Like most hotels, Pinehurst solicits feedback using guest satisfaction surveys. “Our approach is somewhat extreme,” says Nickelson, “and it’s debatable whether you should go this far.”  The guest survey takes an average of 26 minutes to complete. It’s a serious time commitment, and surveys are completed by approximately 8% of guest stays. The surveys begin with a series of questions about the reservations process, the on-property transportation, etc. After that, there are more specific questions about the quality of accommodations, restaurants, golf, spa, fitness, tennis and retail outlets, as well as the checkout process and any banquet business.

“We approach it from the standpoint that a guest will complete the survey because they’re either really happy or really dissatisfied with their experience at the property. For the person who is really happy, we want to have the opportunity to thank them for their business. What we really want to know about is our detractors, the people who are going to go home and tweet about their experience in a negative way or blast us on TripAdvisor.”

Pinehurst uses Net Promoter Score as a performance metric. In 2015, the goal was to achieve an overall score of 67. “We’re lagging behind slightly right now at 65,” says Nickelson. “Our low score over the past 5 years has been 62 and our high has been 65, which, overall, is excellent.”

Managers across the property are encouraged to reach out personally to dissatisfied guests, to find out what went wrong and what can be done to make their stay better in the future. “Very often, if it’s a poor experience, we’ll empower our managers to offer an incentive to come back and give it another try,” says Nickelson.

There are more than 100 managers at Pinehurst across its golf courses, club houses, retail shops and dining outlets. Approximately 20 of them serve as division heads. They range from the food and beverage director and the fine dining director to the director of IT and the controller and marketing manager. Each of the senior managers may have multiple managers below them, and each one of them has an impact on the guest experience.
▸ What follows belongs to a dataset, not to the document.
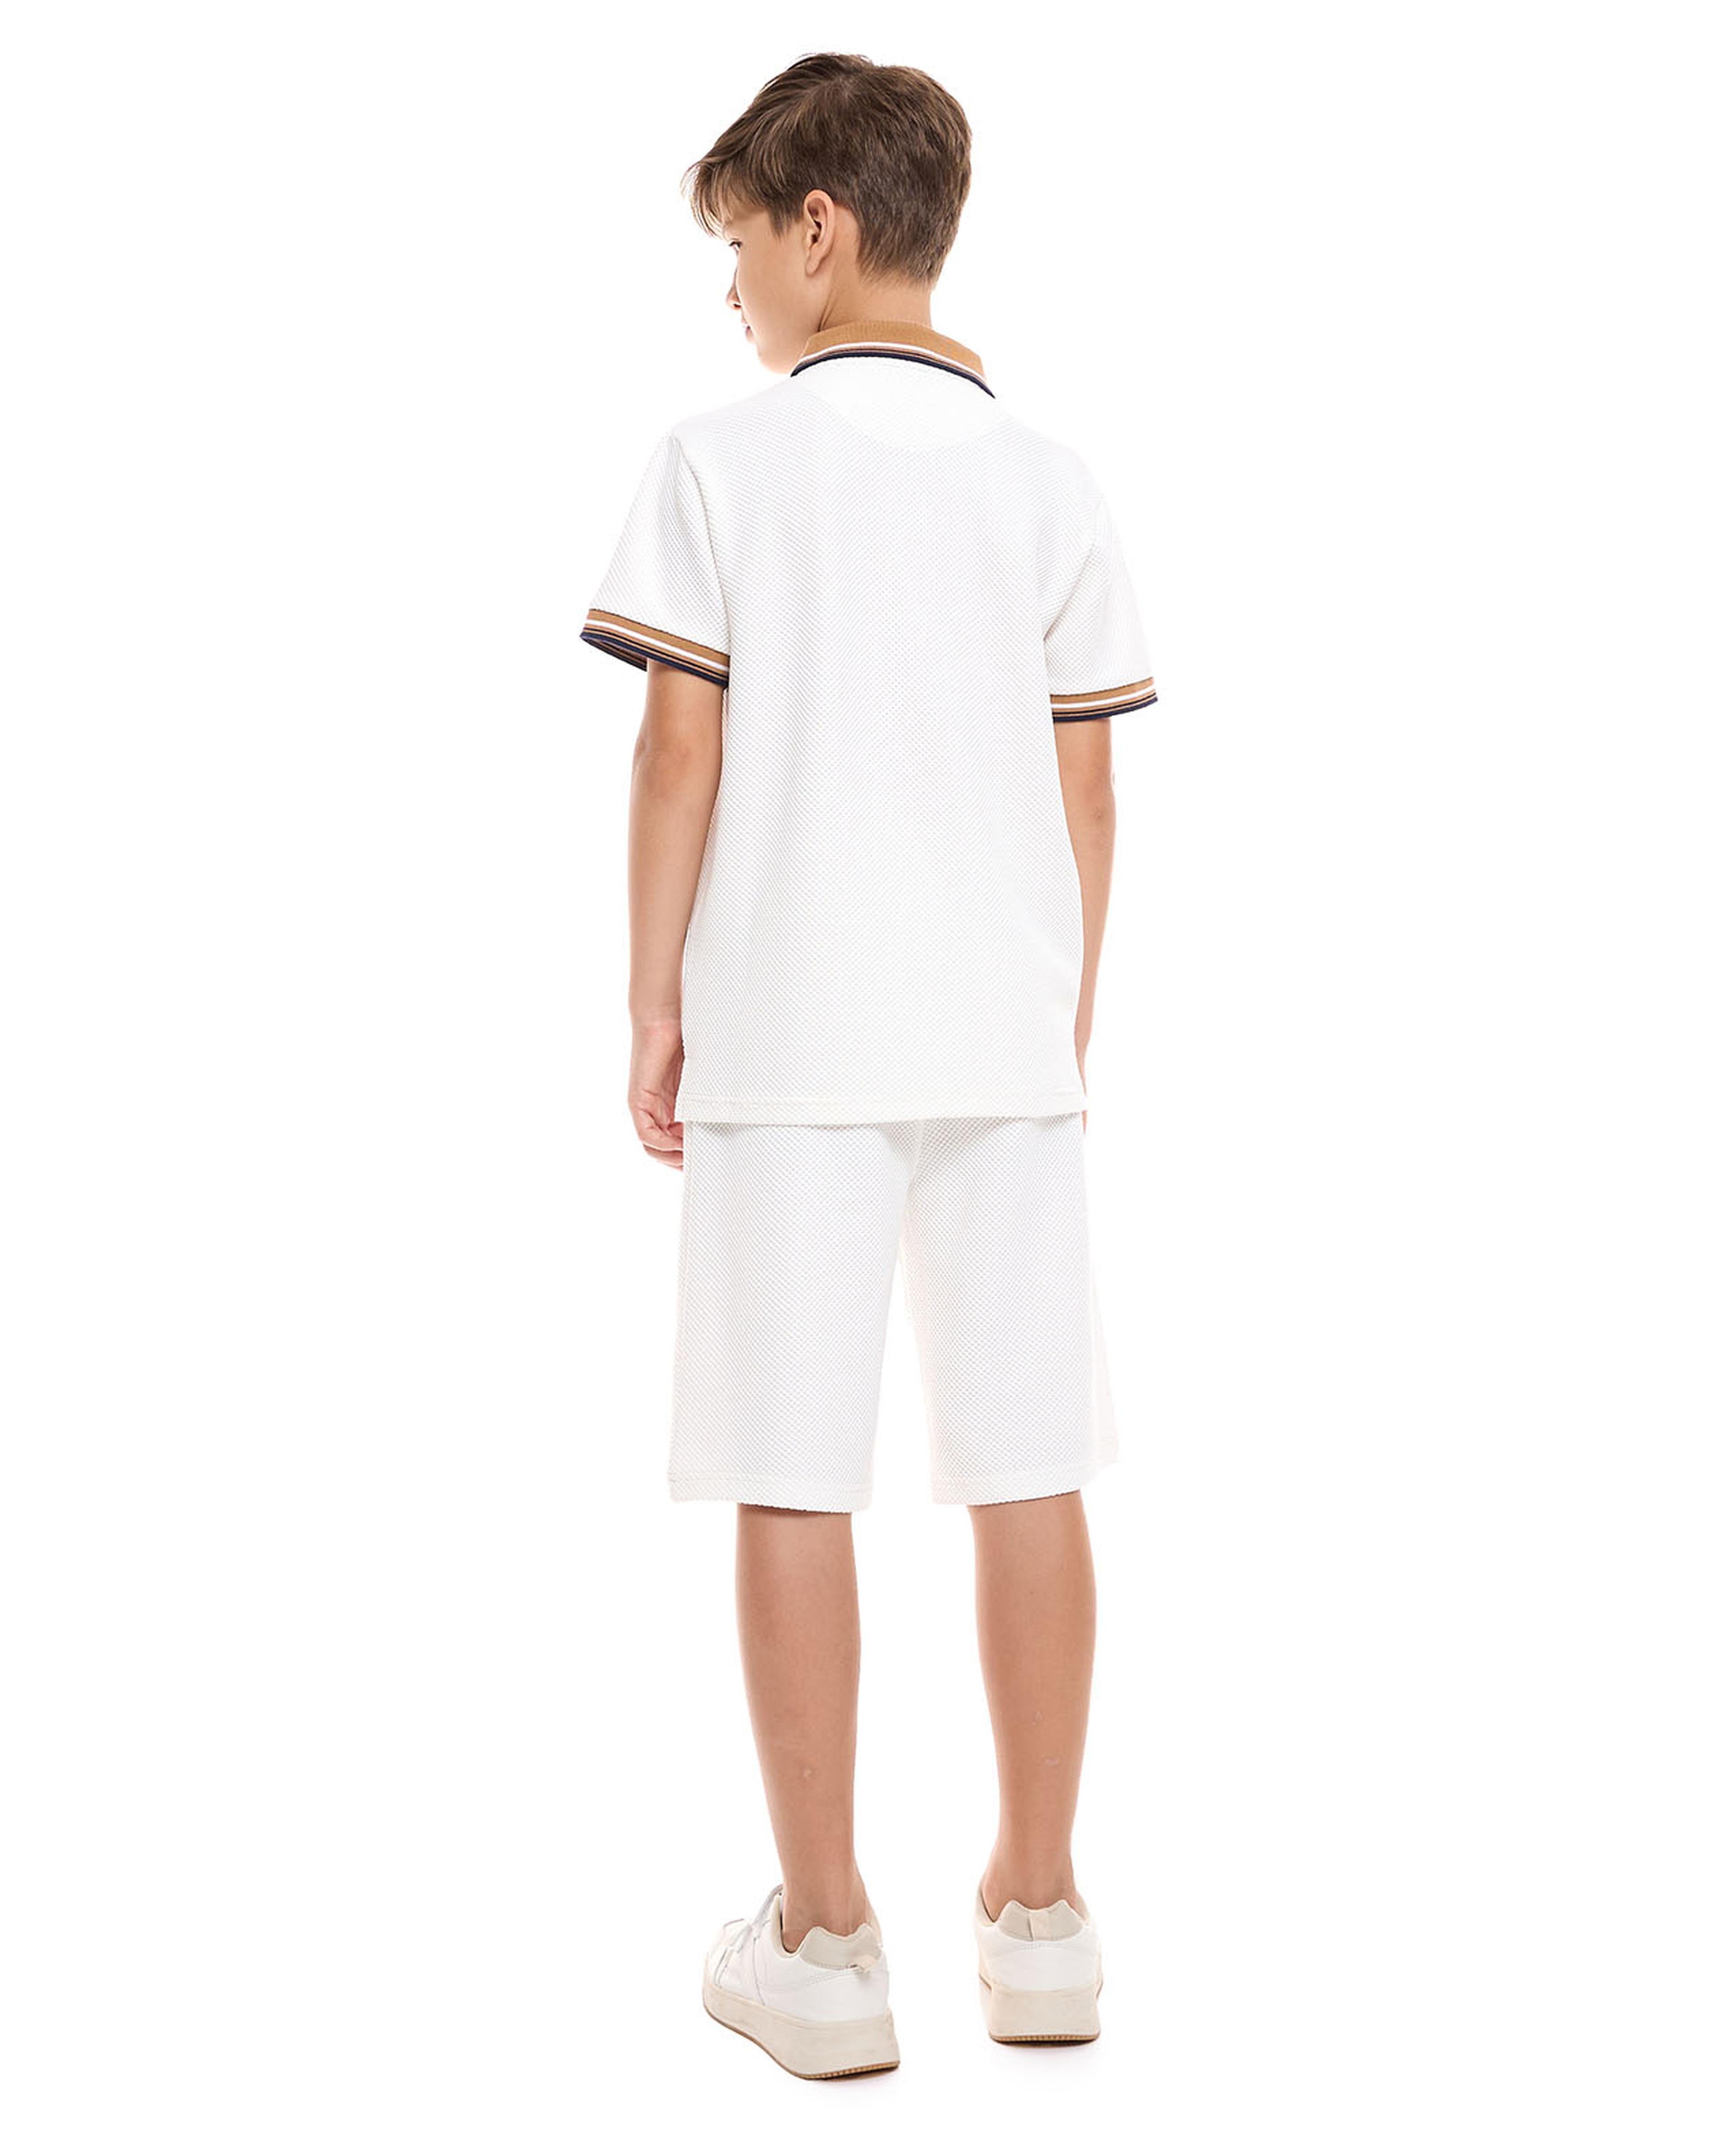 Contrast Tipping Polo T-Shirt and Shorts Set

According to Nickelson, the role of technology in delivering a positive guest experience is that everything works as it is supposed to work. “It’s bad when a guest’s first experience with a hotel is with someone in central reservations who, instead of finding a way to make friendly chit chat, is complaining that their computer is too slow,” says Nickelson, who notes that both the technology solution partner and the hotel’s own IT department need to take responsibility for any performance issues that arise. “We need to be partners with our technology provider to make sure that we deliver a seamless, smooth and really great experience for the guest,” he says.
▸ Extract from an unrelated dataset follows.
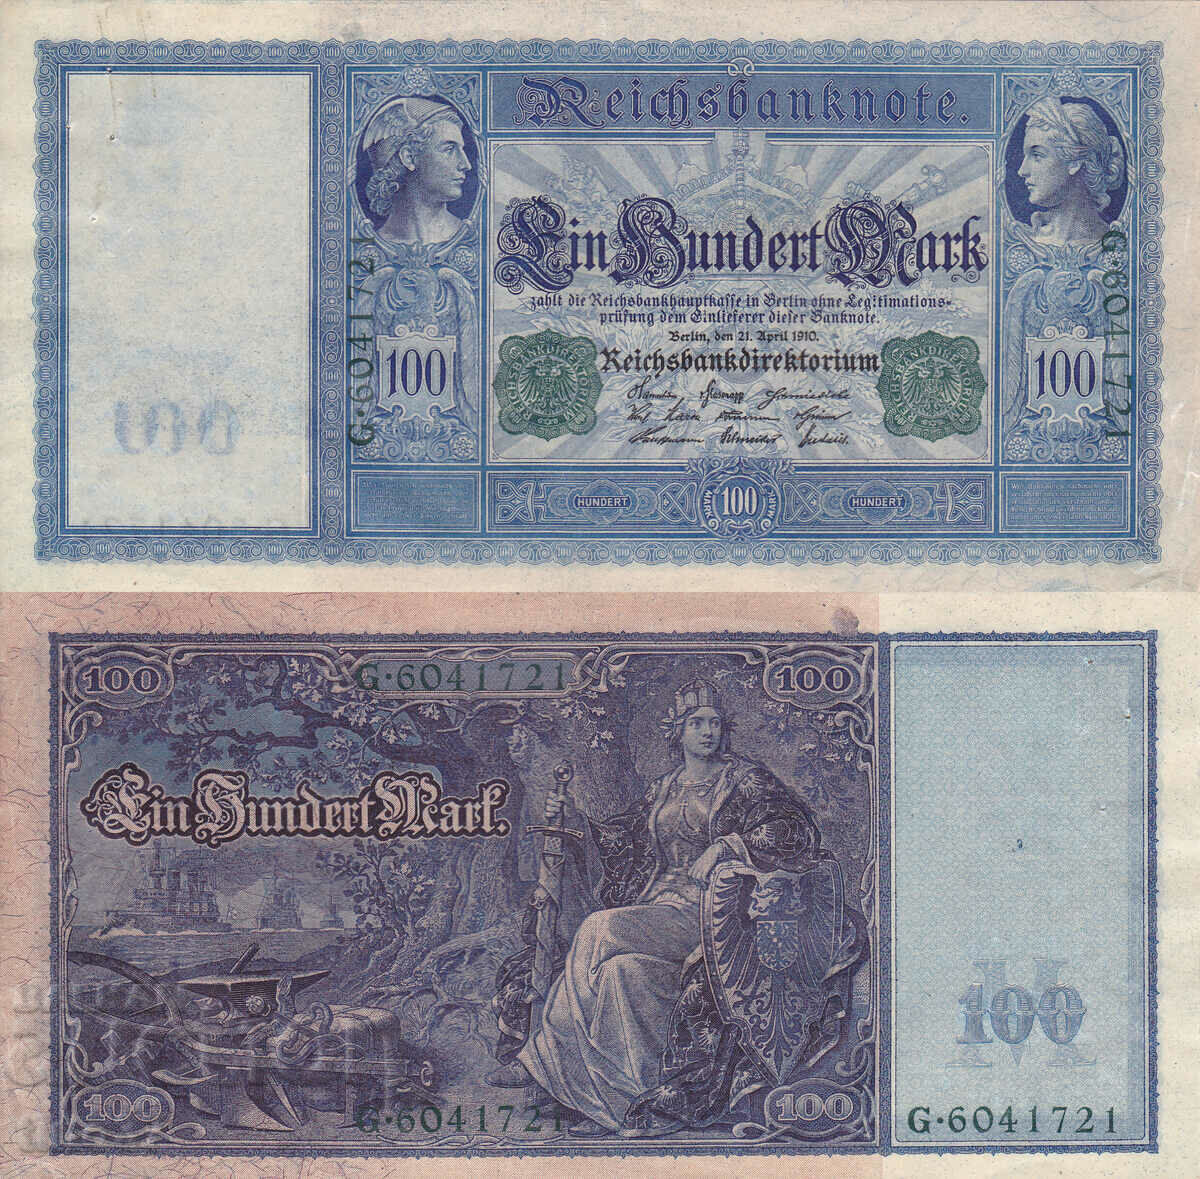 tino37- GERMANY - 100 STAMPS /green stamp/ - 1910 - XF

According to Nickelson, the job of personalizing the guest experience falls mainly on the local IT department.  “The tools are there to transmit guest data to the managers so they’re able to personalize the experience,” he says.

Nickelson cautions hoteliers about the risk of doing too much customization with a technology solution. “Pick a product that fits your needs,” he says. “The one that’s closest to your needs is the right one. When you attempt to customize a product that’s designed to be used in a certain way, then every time you take an upgrade it creates a disaster. The solution provider can’t possibly take into account every property’s customized modules when they do an upgrade. Every vendor can only meet so many needs.”